My mother is queen of these kinds of things. Once, my mother, some friends of the family and I were sitting around a campfire. Suddenly, lightning streaked accross the sky. My mother pointed up and exclaimed, “Look! Mustard!”

Another time, I was walking my dog with look!ninjas and my daughter. It was nighttime and very dark. My dog saw something moving in several feet away, and got really curious, so I took her over to investigate. As we got closer, I saw something black, white and furry in the grass start to scamper away. My brain switched into panic mode. Those black, white and furry things can spray you and make you stink! So I turned around and took off running away from the thing screaming, “It’s a snake! It’s a snake!!!” Suddenly my brain realized what I was saying, and I tried to save face by correcting myself. “It’s a skunk,” I said. Too late, the damage was done, and look!ninjas and my daughter were already cracking up.

I frequently forget my name. What most call my “real” name, and I refer to as my “legal” name. It’s gotten to the point where I call myself something other than my name in my head. Behold the power of surrounding yourself with people who call you by your nickname.

I also cannot for the life of me remember my cell number. I never call myself, so how would it be ingrained in my memory?

There’s also me going into BK, getting my burger and fries, getting my drink and going up to the counter:
Me “Can I get some…”
them “…”
me “Some…stuff…y’know, that you…put…things…in?”
them “A bag?”
me with bag in hand “No! The stuff! The tangy stuff!”
them “Sweet and sour sauce”
me “Sauce! Yeah, sauce! No! Wait…tangy…tangy…zesty sauce! Go me!”
them handing me sauce “Here y’go, have a nice day.”

By the way, the above was written in Nebraska accent…y’know.

Also, happening during D&D, “Listen, can you smell that?”

We have thunderstorms predicted tonight, so I’m going to be thinking “Look! Mustard!” all evening. :smiley:

When I was in high school I helped my mom make a cake for some event. She was off taking care of something else, and I decided it would be a good time to frost the cake. So I dutifully did each layer, making everything nice and pretty.

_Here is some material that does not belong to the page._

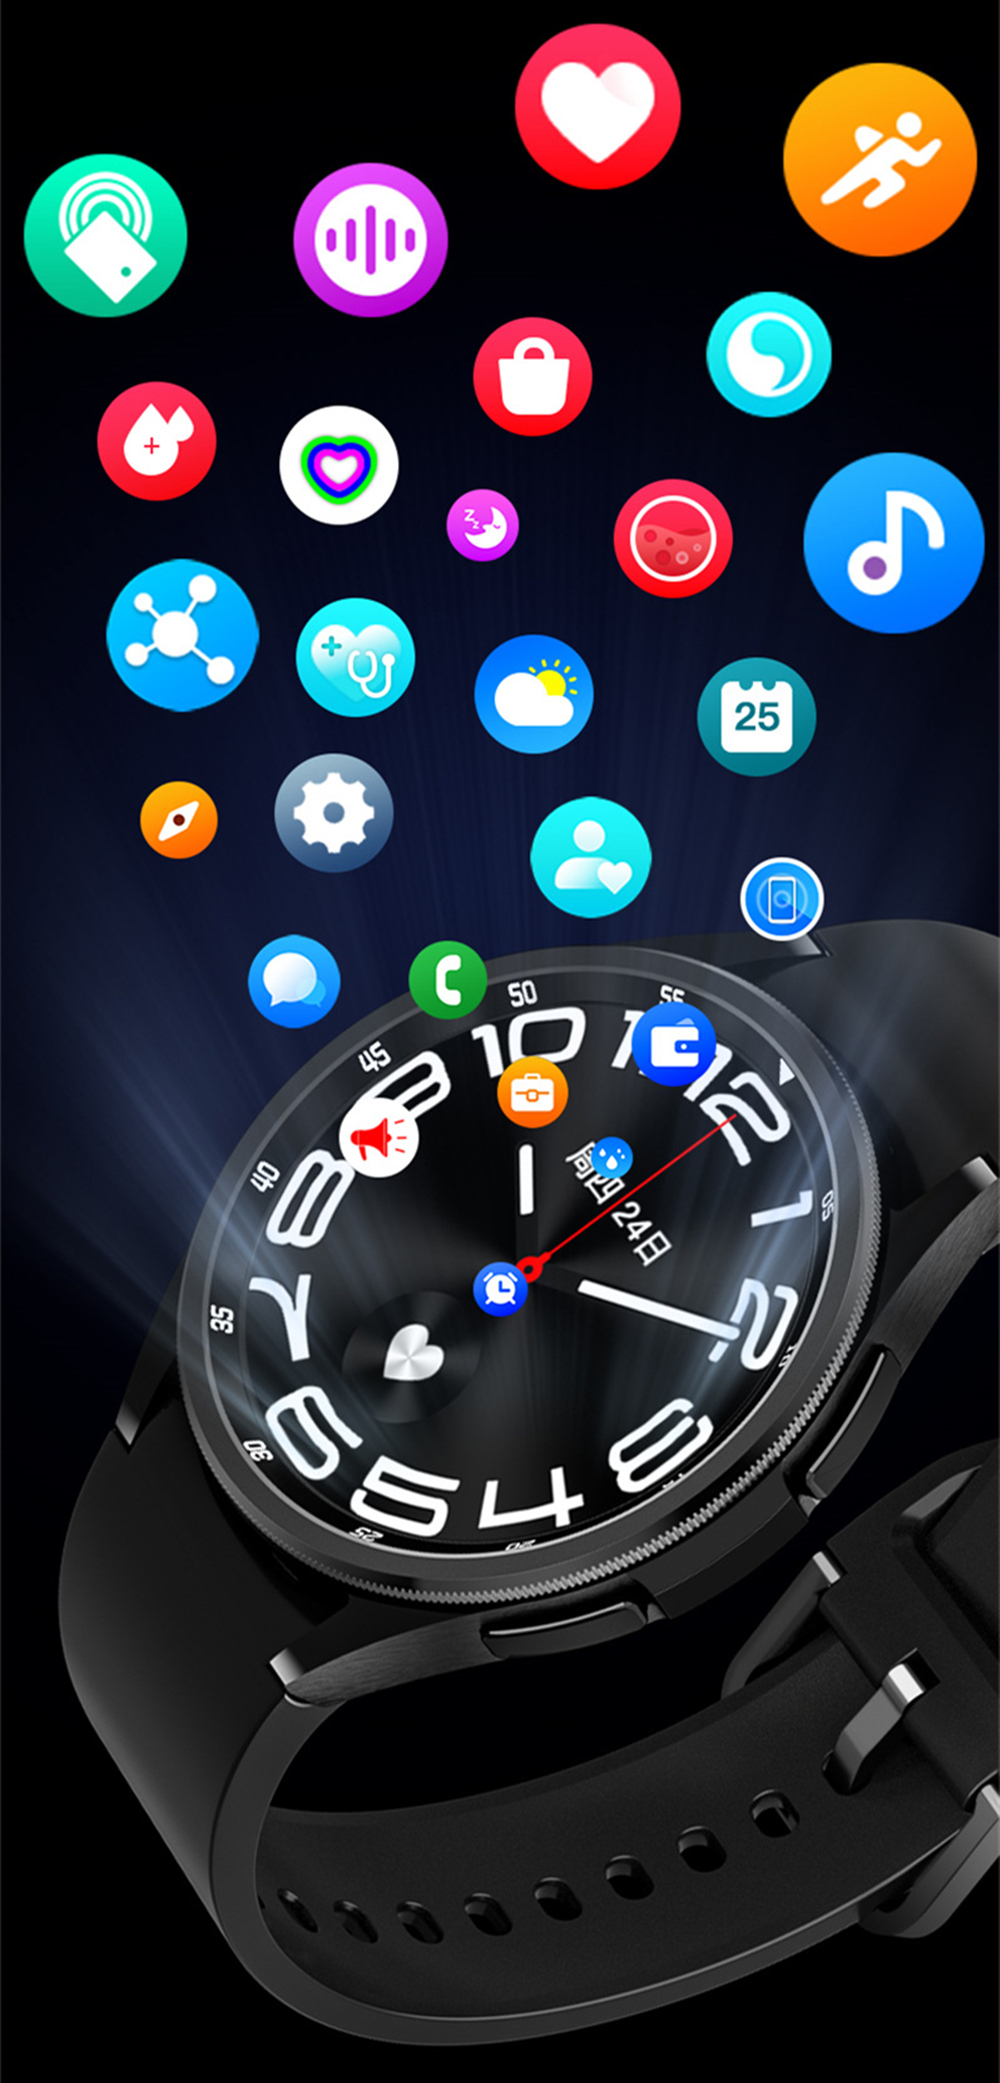 Smart Watch6 클래식 앱 Wearfit 1.52 인치 HD 화면 47mm Bluetooth는 스포츠 음악 무선 충전기 350mAh 배터리 IP68 모든 전화 용 방수입니다.

She came back into the kitchen and pointed out that I had frosted the cake on the cooling rack. She was a little miffed, but I didn’t see why–the solution was easy. I took a long, skinny knife, slid it under the cake and carried it across the kitchen to the plate she had gotten out for it. I think she was a little mad that the cake didn’t break in half and splatter all over the floor.

I was just preparing some pasta, and I lifted the pot up and poured it through the spatula… directly onto the floor. Oh, yes, you drain things into the sink! I forgot.

Literally my first thought (after “Oh my God, how stupid”) was “This’ll be perfect for the brain fart thread.”

Then there was that time you forgot the word for “colander.” :stuck_out_tongue:

[Obligatory Simpsons quote]
Homer: Marge, where’s that… metal deely… you use to… dig… food…
Marge: You mean, a spoon?
Homer: Yeah, yeah!
[/OSQ]

I’ve had tons of brainfarts lately. Just this morning I answered the phone at work and couldn’t remember the name of the company I’m working at. The person on the other end had to go “Hello… ??” twice before I just answered with my name (and left the company name off). Thank Og I didn’t forget my name as well.